InoBat & Rio Tinto to set up battery recycling in Serbia


The Slovakian battery company InoBat wants to build a value chain for the production and recycling of electric car batteries in Serbia together with the mining group Rio Tinto. However, one important point is still open: The investment decision in the mine in Serbia.

The partnership is to cover the entire life cycle from raw materials to the recycling of lithium, according to Rio Tinto. At its core, Rio Tinto’s Jadar project in Serbia is apparently to be used. According to the mining company, this is one of the largest lithium projects currently under development “on a greenfield site” – i.e. in largely untouched nature. It should be possible to produce up to 55,000 tonnes of battery-grade lithium carbonate there. Jadar is located southwest of Belgrade in the border region to Bosnia and Herzegovina.

InoBat not only wants to increase its production with the Gigafactory in Slovakia and secure it with regional primary products. “The signing of Memorandum of Understanding with Rio Tinto represents an important step in achieving InoBat’s goal to utilise a European-based value chain and support European bid for technological independence,” says InoBat CEO Marian Bocek.

The planned collaboration will also – according to Bocek, in line with the company’s “cradle to cradle” approach – establish a circular economy for batteries. However, details on the recycling, capacities and processes used are not mentioned in the statement.

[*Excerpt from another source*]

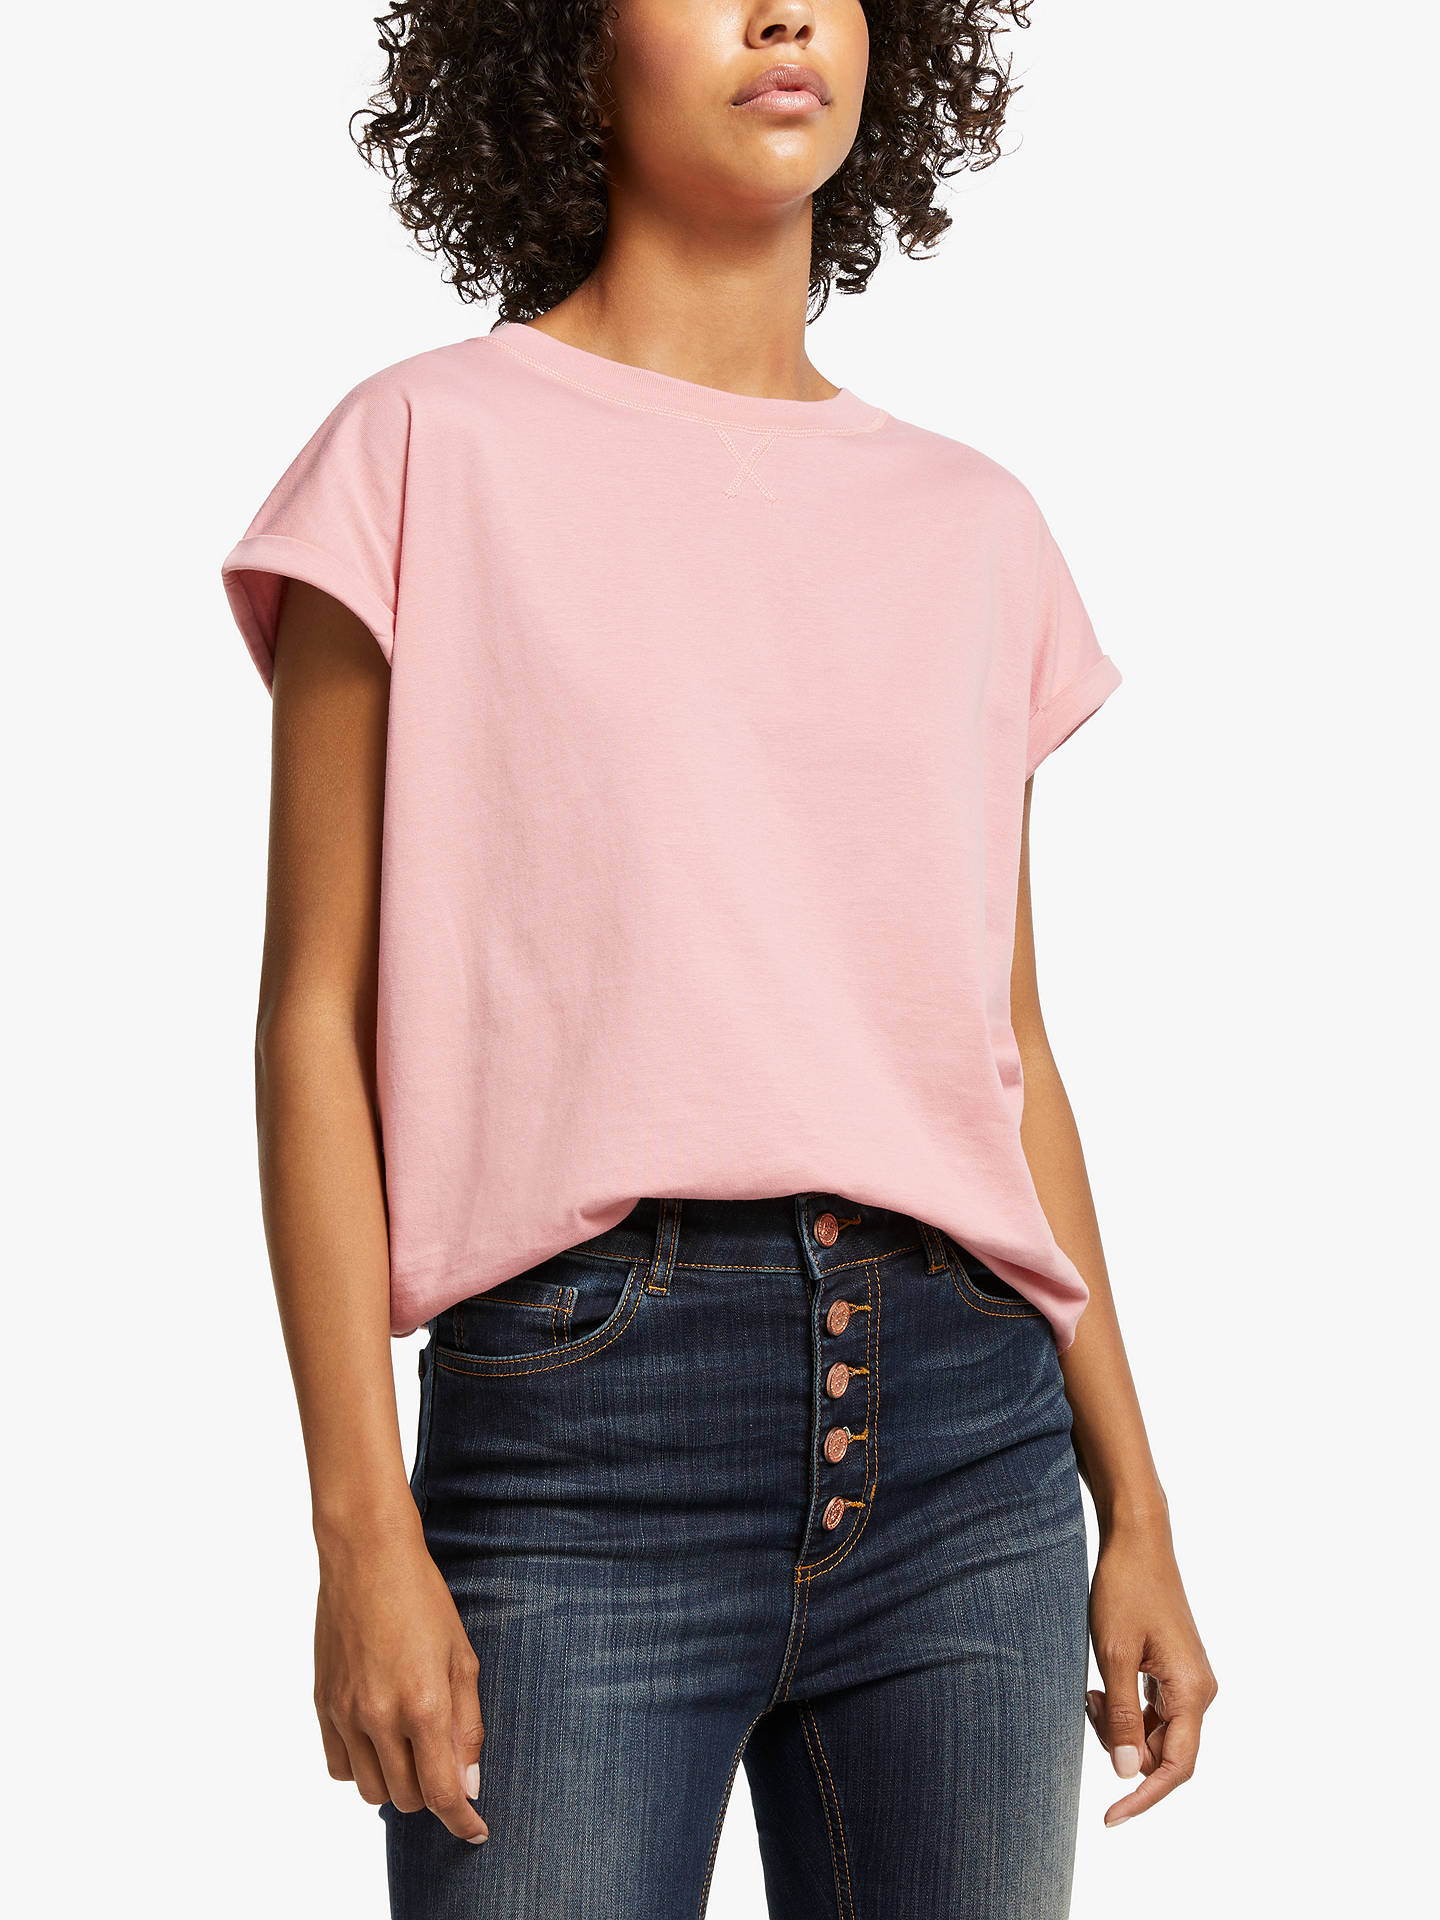 AND/OR Cotton Tank T-Shirt, Dusty Rose at John Lewis & Partners

“This collaboration with InoBat will enable an important exchange of knowledge and information on lithium processing, recycling and technologies for the next generation of batteries,” says Marnie Finlayson, managing director of Rio Tinto’s Borat and Lithium business.

There is a simple reason why it is only a declaration of intent so far: Rio Tinto has not yet decided to build the planned plant at all. Last year, the company invested around 200 million dollars in the final phase of the study for the project. This is expected to be completed in 2021.

An investment decision will then be made on this basis. If the plant is then also approved, the construction of the mine would take up to four years, according to Rio Tinto. “The scale and high grade nature of the Jadar deposit provides the potential for a mine to supply lithium products into the electric vehicle value chain for decades,” the company wrote.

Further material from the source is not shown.